The director that Belmondo seems to have had the most fun working with was Philippe de Broca. They made six features together, including That Man from Rio (1964), “an over-the-top spy thriller that played like a parody of James Bond,” as Rick Lyman describes it in the NYT. “Audiences loved it, and they loved Mr. Belmondo in it. More important, Mr. Belmondo loved doing it. Although some critics who revered the more difficult work of the French New Wave derided Mr. Belmondo as a sell out, he told interviewers that this film remained his favorite.” Belmondo “brought a touch of comedy to his action roles and a hint of danger to his comic roles.”
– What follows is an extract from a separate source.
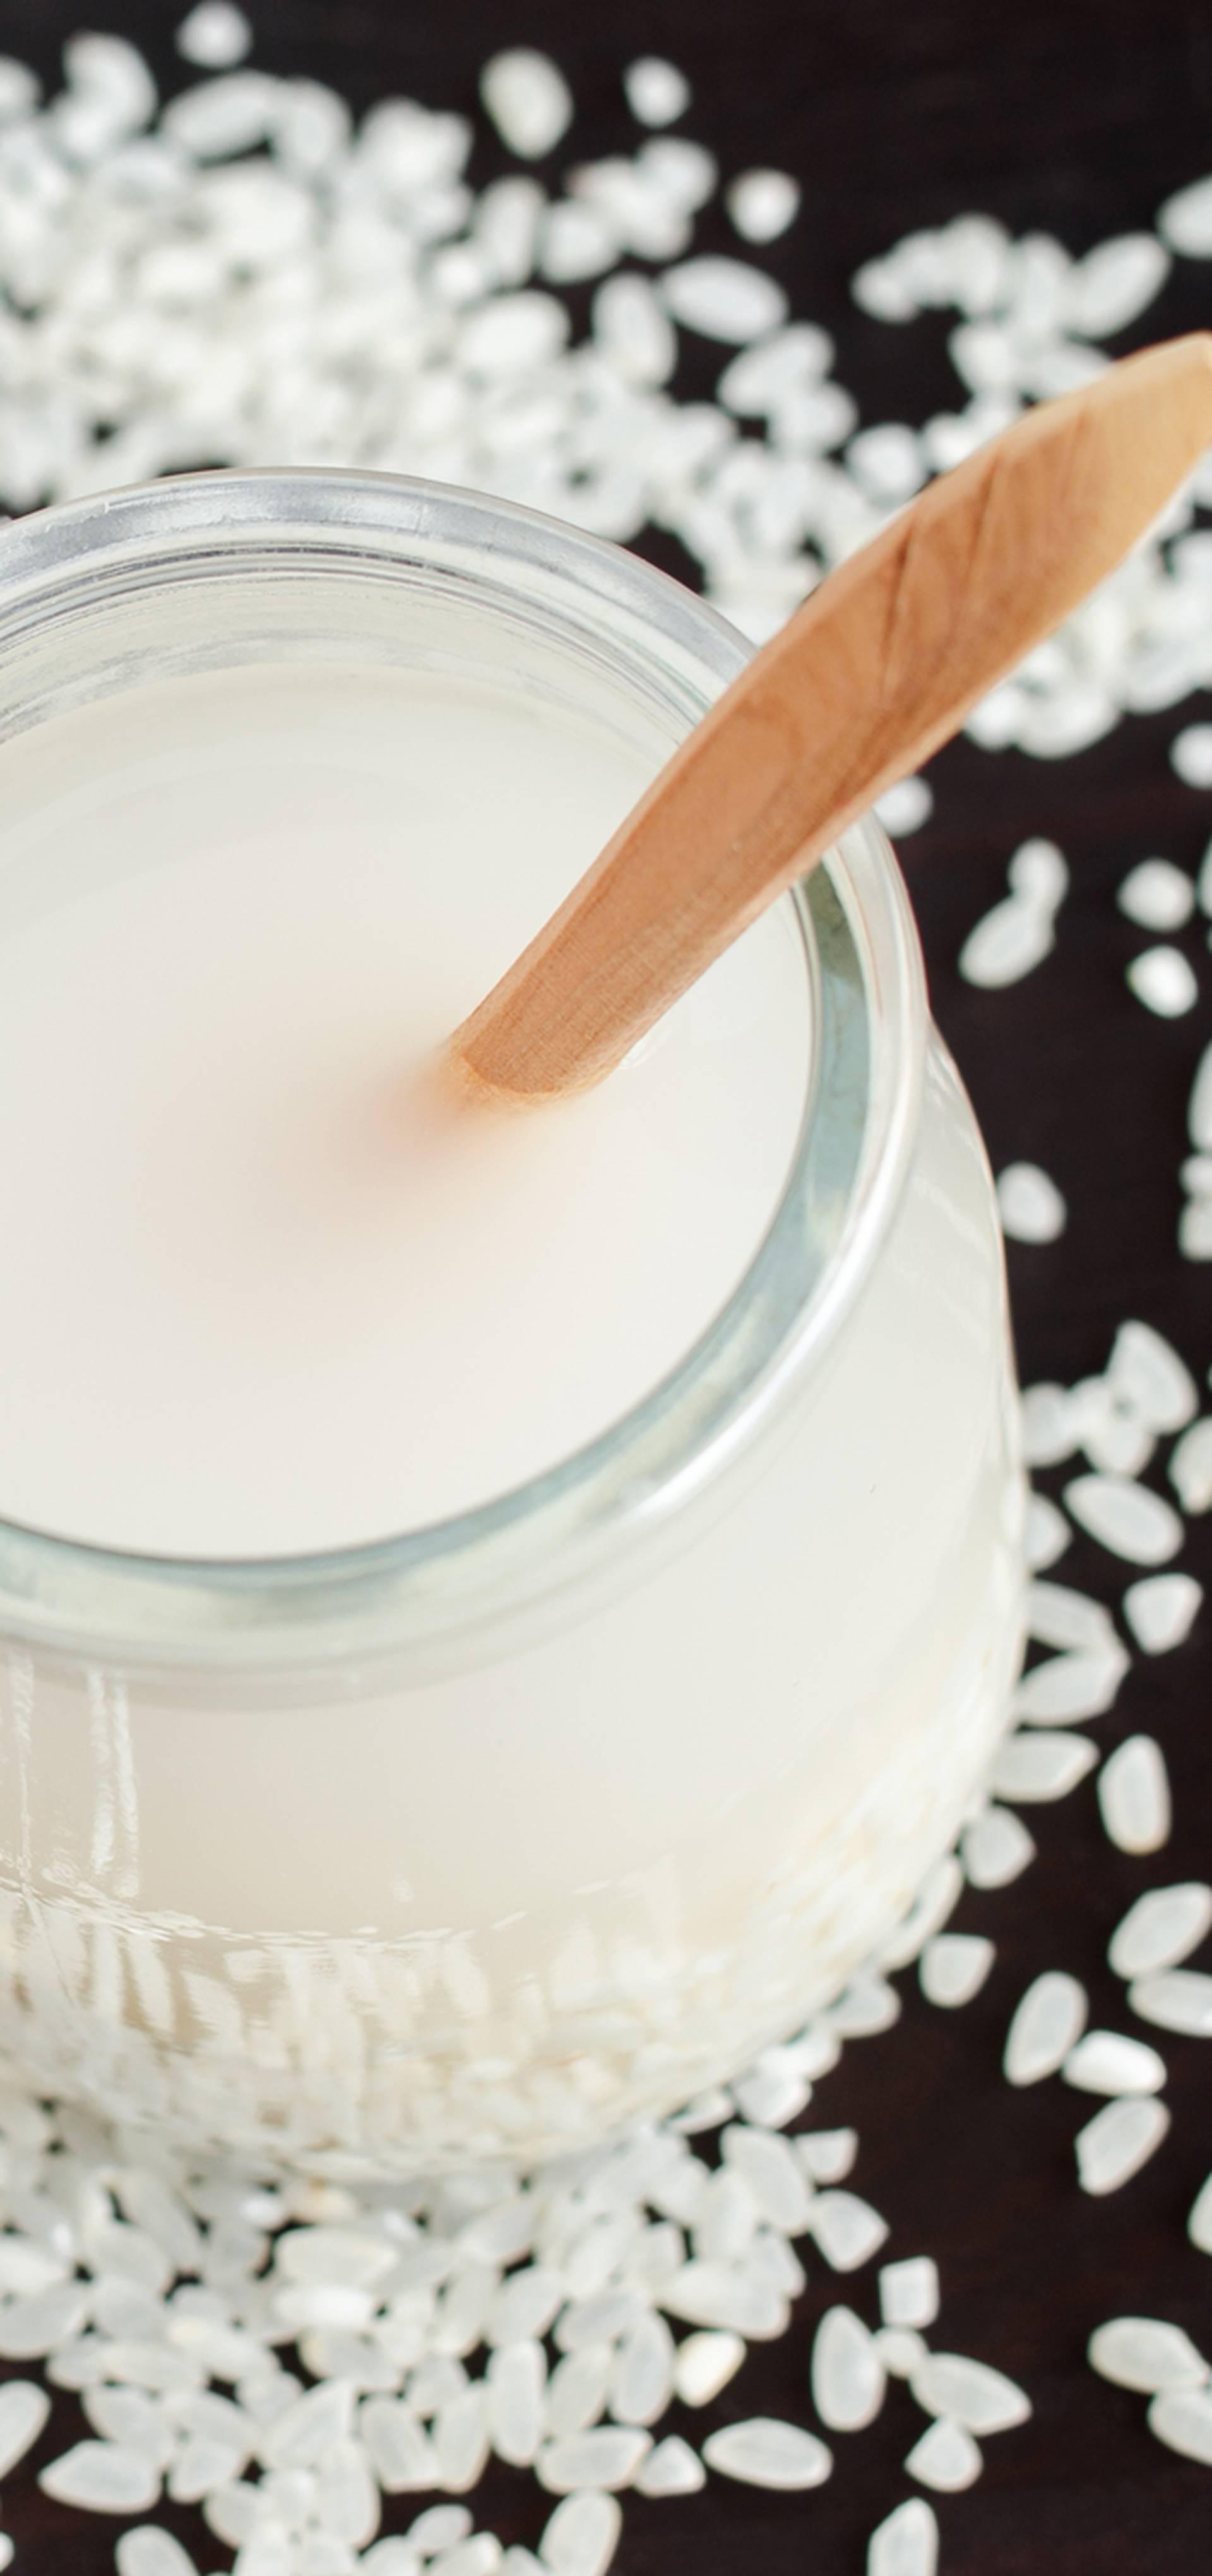 Rižina voda: Instagram hit za obnavljanje oštećene suhe kose

He also famously performed his own stunts. When That Man from Rio opened in the States, Joseph Barry spoke with “Minouche the script girl” for the NYT. “Look,” she said, “see the car running over him in this photo? That’s Jean‐Paul himself. He never uses a double. In Brasilia, he hung from a skyscraper. In the jungle, he played Tarzan until his hands were bleeding. He is ‘trés courageux’ and has no airs. He’s one of us.” When Barry asked Belmondo if he’d considered starring in an American movie, the actor told him, sure, but not as “le French boy,” a Gallic version of the actors to whom he was so often compared: James Dean, Humphrey Bogart, and Marlon Brando. “You see,” Belmondo told Barry, “I like Cary Grant.”

Belmondo ended up sticking with European directors, and the roster is daunting: Peter Brook (Seven Days . . . Seven Nights, 1960, with Jeanne Moreau), Alberto Lattuada (Letters by a Novice, 1960), Vittorio De Sica (Two Women, 1960, with Sophia Loren), Henri Verneuil (A Monkey in Winter, 1962, with Jean Gabin), Marcel Ophuls (Banana Peel, 1963, again with Moreau), Jacques Deray (Crime on a Summer Morning, 1965, with Geraldine Chaplin), René Clément (Is Paris Burning?, 1966), Louis Malle (The Thief of Paris, 1967, with Geneviève Bujold), François Truffaut (Mississippi Mermaid, 1969, with Catherine Deneuve), and Claude Lelouch (Love Is a Funny Thing, 1969)—and that’s just the 1960s, a decade in which he appeared in forty-one films.

In the ’70s, Belmondo made “just” sixteen films, including Alain Resnais’s Stavisky (1974), which he also produced. In the ’80s, the number dwindled to nine, and then in the ’90s, down to six. Vacationing in Corsica in 2001, Belmondo suffered a stroke that paralyzed the right side of his body and left him unable to speak for six months. Seven years later, he returned to the screen one last time in Francis Huster’s A Man and His Dog, which was loosely based on De Sica’s Umberto D. (1952). Ahead of the U.S. release, Elaine Sciolino met Belmondo in Paris and noted in the NYT that when the then-seventy-five-year-old actor “with the blue-green eyes and broken nose smiles, he evokes the image of the charming gangster and cocky seducer he played in films decades ago.”